With many of these examples, when the capability is first launched it is not using AI in a dynamic, responsive way. Initially, the system often sets a static threshold, that triggers an alarm. But as good grapes make good wine, good data makes good AI. It takes some time to accumulate data and this is why Juniper has such an advantage over our competitors—we’ve been doing AIOps for 10 years with the Mist® platform. Good AI needs time to accumulate data and learn-train-learn-train and adapt, all for the goal of optimizing the user experience. In the data center, AIOps is still embryonic, but it is improving very quickly. 

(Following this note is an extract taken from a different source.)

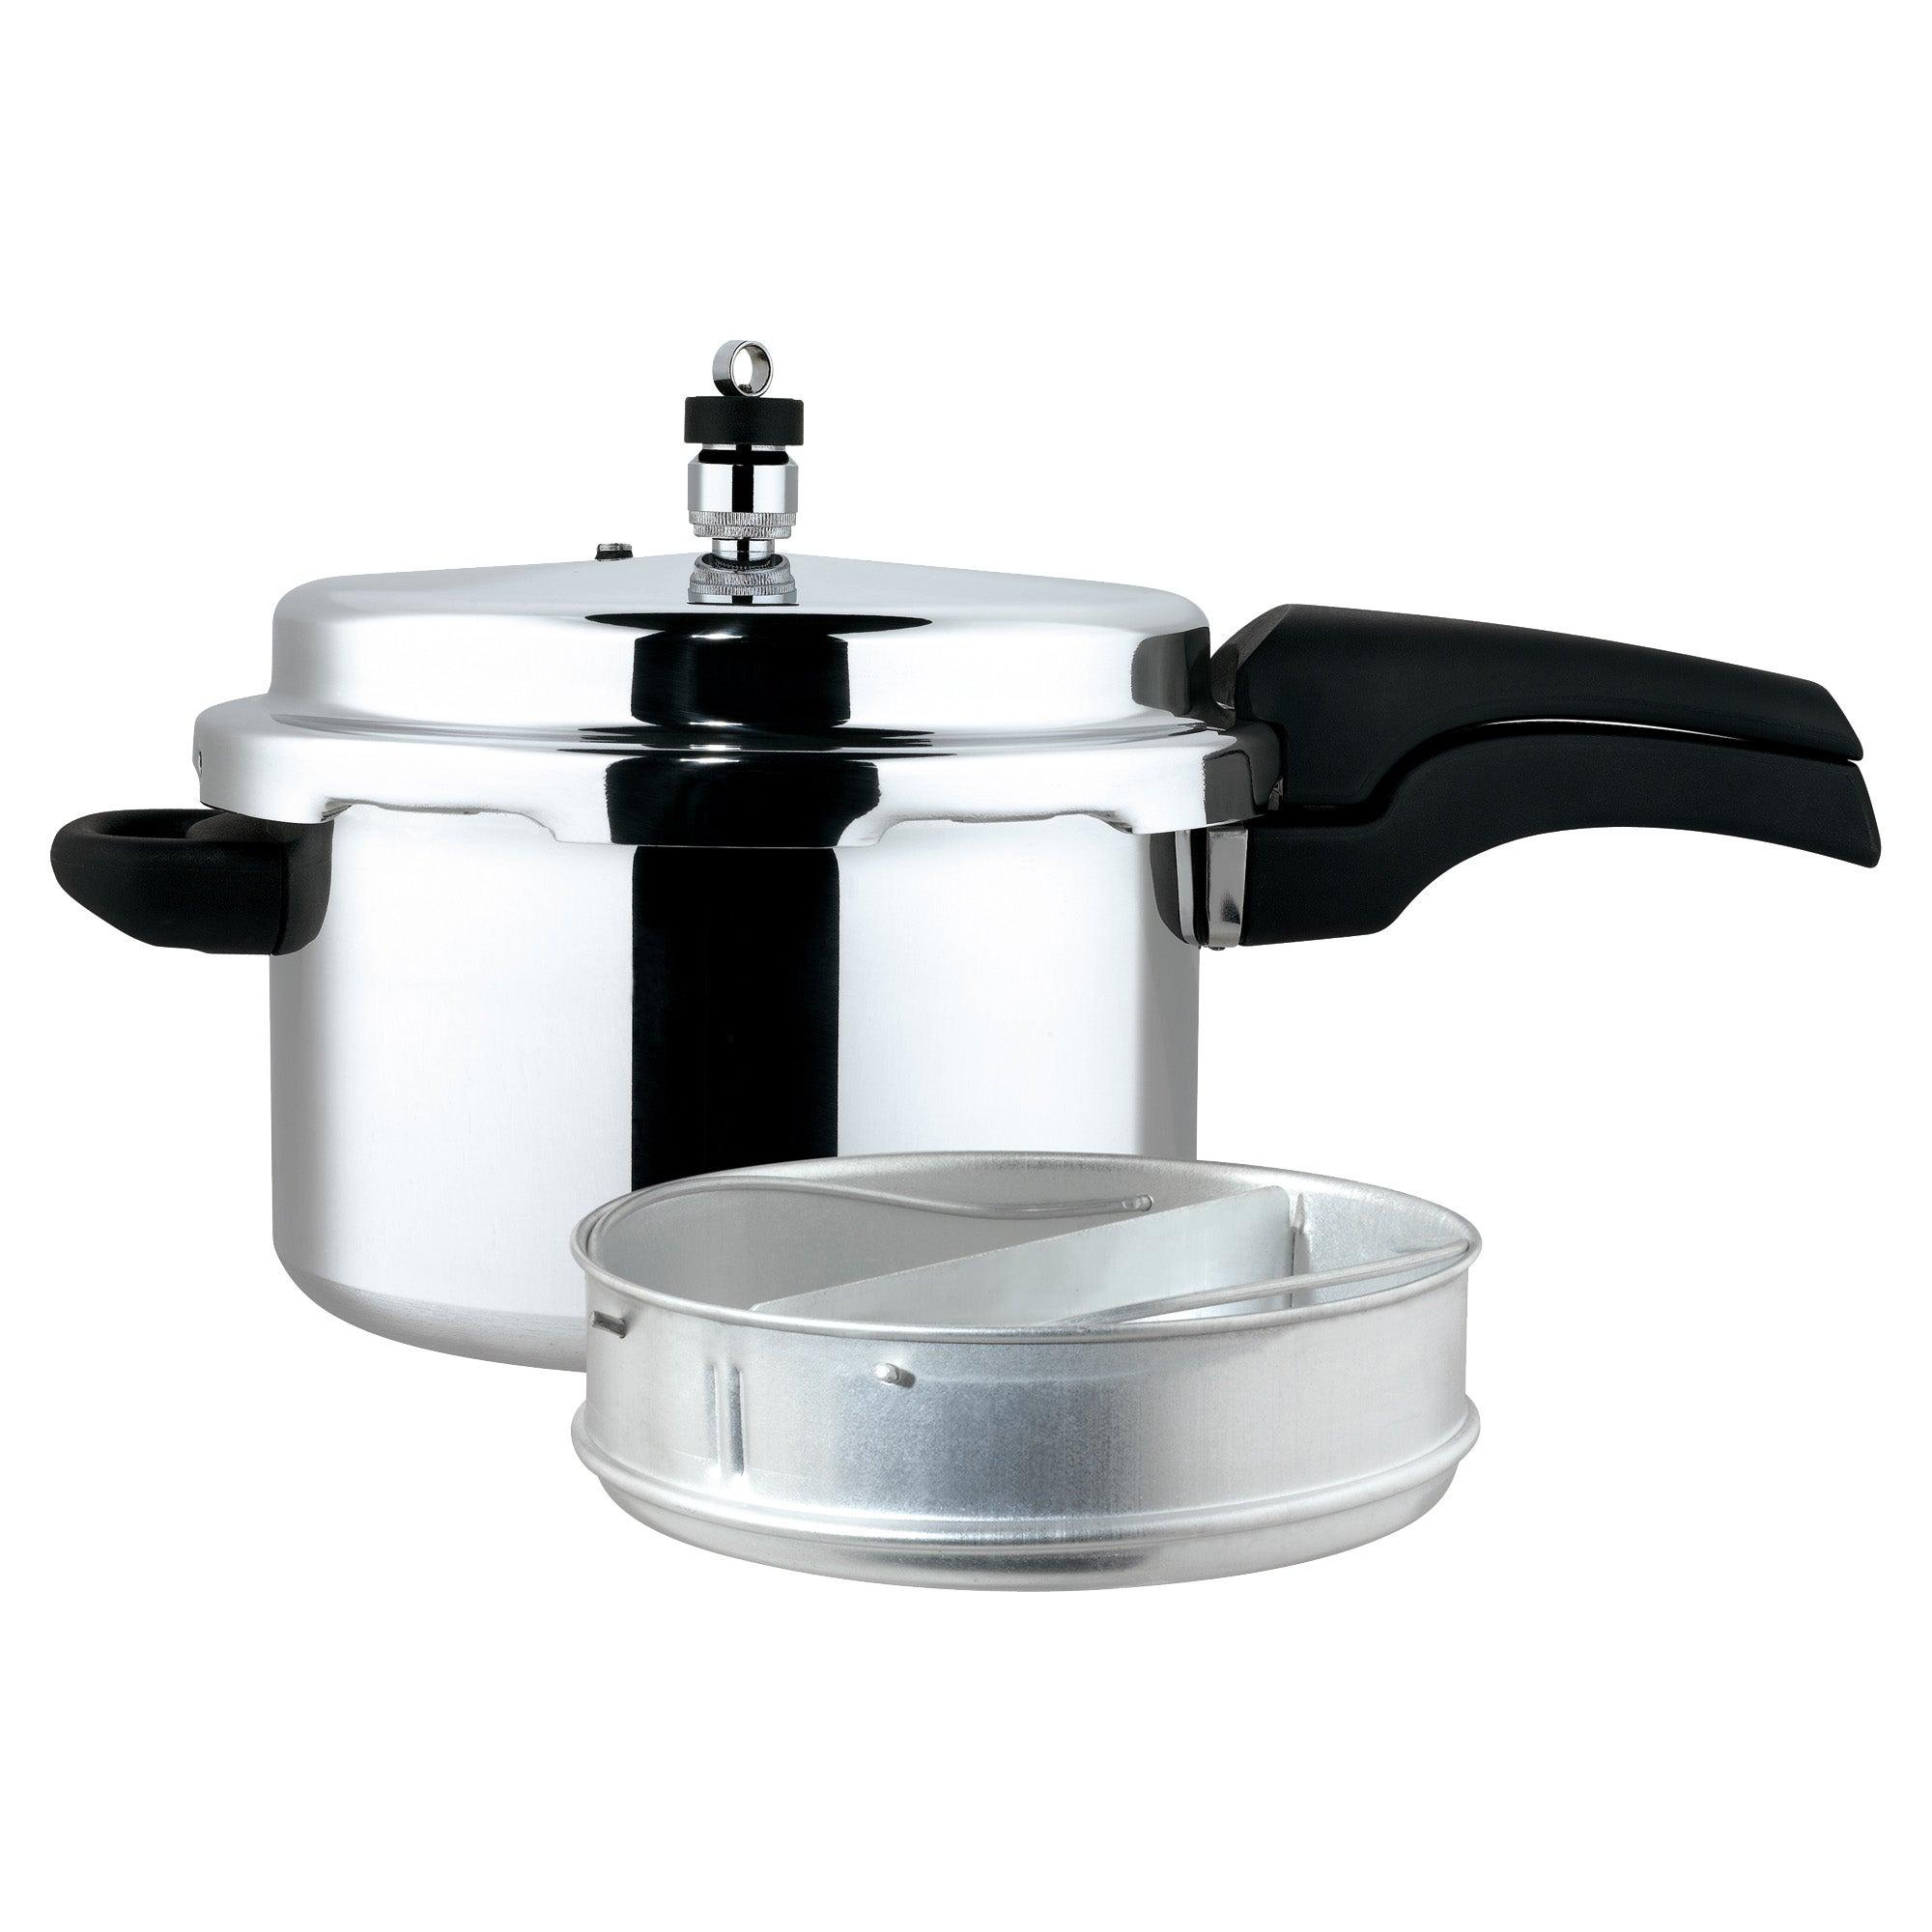 Prestige 4 Litre High Dome Pressure Cooker Silver

  • Service Level Expectations entails synthesizing a wide range of network parameters and calculating summary health metrics and analyzing the issues impacting those metrics over some time period. This provides customers with a clear picture of whether their network is meeting the needs of application owners and end users. 
  • Documentation querying is the typical base case for virtual network assistants with which most infrastructure vendors have begun: tie an LLM to your product documentation for better search. But then you move onto more advanced uses when you tie an LLM to your actual enterprise software application or in our case network management and automation tools, and the mountains of data to which they have access. Network operators can interact with the tools in new, different, and better, ways than they might do currently; all through natural language.With Marvis™ AI Assistant, we have the best helper in the business. 
  • Application Assurance is essential because the entire point of a data center is to host and deliver applications to end users. Our solution combines AIOps and intent-based networking. Anomaly detection algorithms detect when a traffic flow doesn’t look right. That intelligence is combined with a deterministic understanding of which applications are flowing through which ports at a particular time—networking and application performance are tied together. 
  • A final category of AIOps in the data center, and perhaps the most important, is simply experimentation. Large language models (LLMs) are amazing, almost magical machines. The people who build them will admit that they don’t always understand the intuition behind how these work.   

Every company, in the broadest sense of enterprise business transformation, should be grabbing foundational LLMs and fine-tuning them. Enterprises should be vectorizing the treasure troves of corporate data that they are sitting on to feed into an AI model through retrieval augmented generation (RAG). Every company that sells software should be experimenting with tying that software to LLMs and other AI models. Closer to the networking industry, we expect model context protocol (MCP) to be a key facilitator for agentic AI. If you haven’t built an MCP server for your enterprise software, do it now! 

A significant amount of AI innovation over the coming years will be customer-led. When vendors put open systems into the hands of customers, you can get amazing and even unexpected results.Throughout corporate history, many industries have been transformed by revolutionary innovation driven not by suppliers, but by end users. 

May you live in exciting times 

Most of us are buried with information about AI out there and the speed at which it is moving. We want to stay informed but not overwhelmed. However, AI is also more accessible than ever. Anyone can download just about any of the thousands and thousands of AI models available from Hugging Face —for free! A newbie can easily build an MCP server and connect it to a number of data sources. And if you get stuck, just ask Claude to help out. LLMs are beginning to feel almost like human entities that you can interact with. It’s an exciting time to be a network engineer.